Impose 20% export duty on iron ore: Assocham
The Assocham has made a strong recommendation of imposing 20% duty on exports of iron ore fines as against current rate of 5%, according to a statement released by the Chamber. This will not only curb illegal mining but also add extra revenue of Rs15,000 crore to the government exchequer, it said. The Chamber has suggested canalization of High Grade Iron Ore (Fe>60%) through the MMTC.
In view of the rise in illegal mining in the country for exporting high and medium grade iron ore, the Assocham President Dr Swati Piramal has recommended this two-pronged strategy to curb and reduce illegal mining and inflationary effects on Indian economy.

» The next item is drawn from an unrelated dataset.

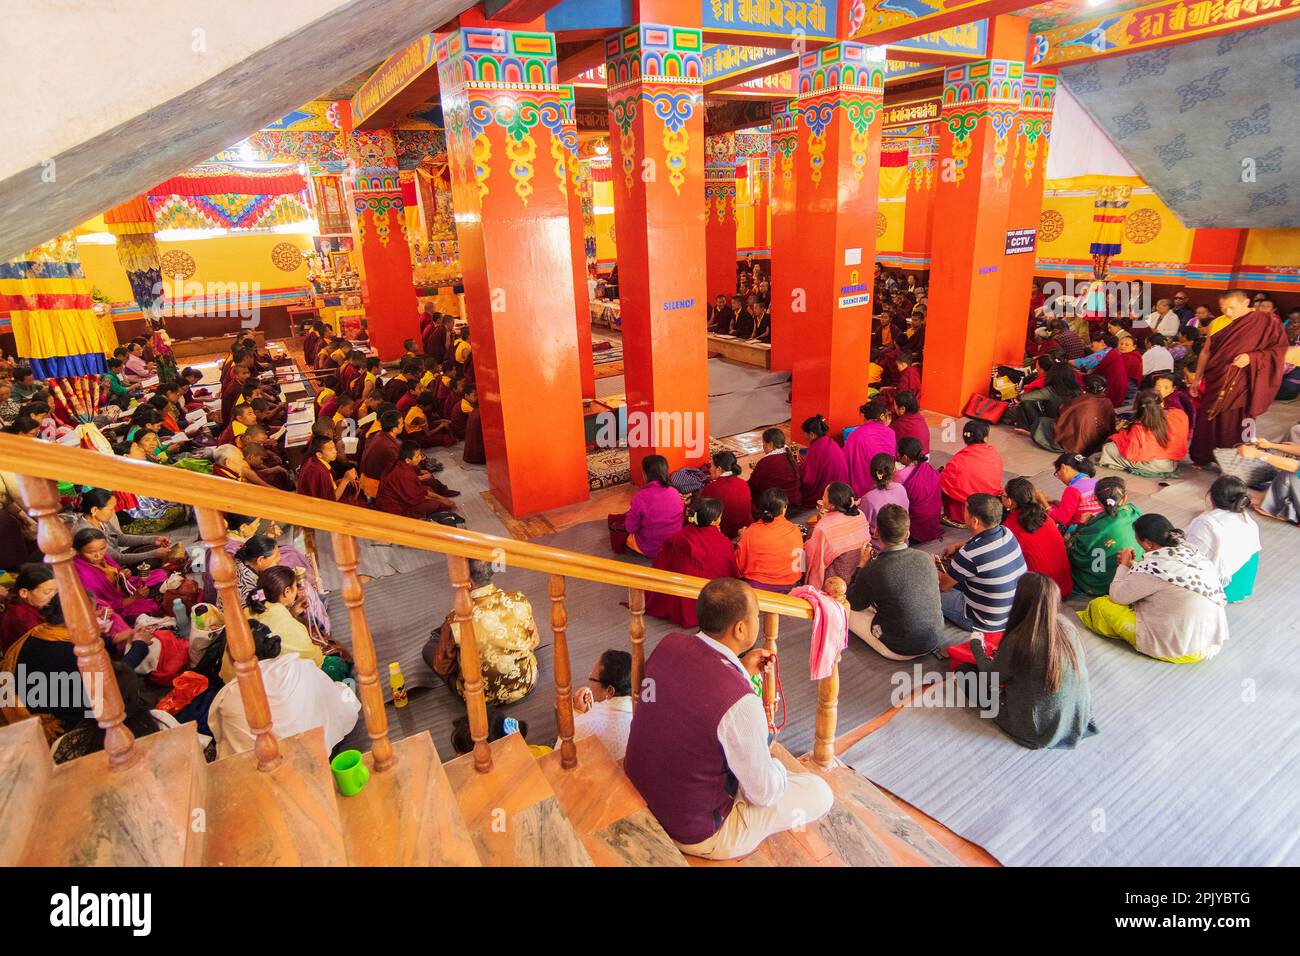 Monastère de Samdruptse, Ravangla, Sikkim, Inde - 20 octobre 2016 : des dévots Buddists priant à l'intérieur de la salle de prière du monastère de Samdruptse. Banque D'Images

In a letter sent to the Commerce, Steel and Finance Ministers, she said "following the mining boom and ban imposed by the Chinese government on the imports of low grade Iron Ore having Fe less than 60%, iron ore miners have suddenly increased manifold their operations.
The Assocham president further said that Indian steel producers source from domestic miners with pricing parity equated to the spot export FOB-prices. In view of the high Chinese demand for Indian Iron Ore, aggravated by the oligopoly of the global mining majors, exports of Iron Ore from India have continued to remain in excess of 100 million tones.
Australia the 2nd largest global Iron Ore exporting country, has recently planned to levy a 40% Resource Rent Tax (super profit tax) uniformly across the mining sector. This is an extension of the taxation practices already being exercised by few countries such as Norway, Tajikistan, Latvia, Belarus and New Zealand, Assocham said.
The private Iron Ore miners, who are making a windfall profit through exports have created a myth that Iron Ore fines are lying in excess in the country and claim Indian steel industry is not equipped to use the same.
This is a total distortion of facts as most of the integrated steel plants using sinter and pallets where iron ore fines are extensively used. In fact higher usage of pallets and sinter go on to increase the efficiency of the iron making process, it said.
The second myth created by Iron Ore miners is that by increasing the export duty, Iron Ore exports will come down drastically and affect the economy adversely. According to Assocham, this argument is not tenable since we have seen during the economic downturn when the Iron Ore prices had crashed down to around $60, Iron Ore exports were not impacted at all and India still exported around a 100 million tonnes.
The Assocham President pointed out that Iron Ore and Coking Coal are the two primary input raw materials for manufacturing steel and contribute almost 65-70% of the total cost of production. In view of the constraints of availability and quality of domestic Coking Coal, integrated steel producers are compelled to import most of their requirements. Unfortunately, major global miners hold a strong oligopoly for Coking Coal and have been steering the market to their whims and fancies, the statement said.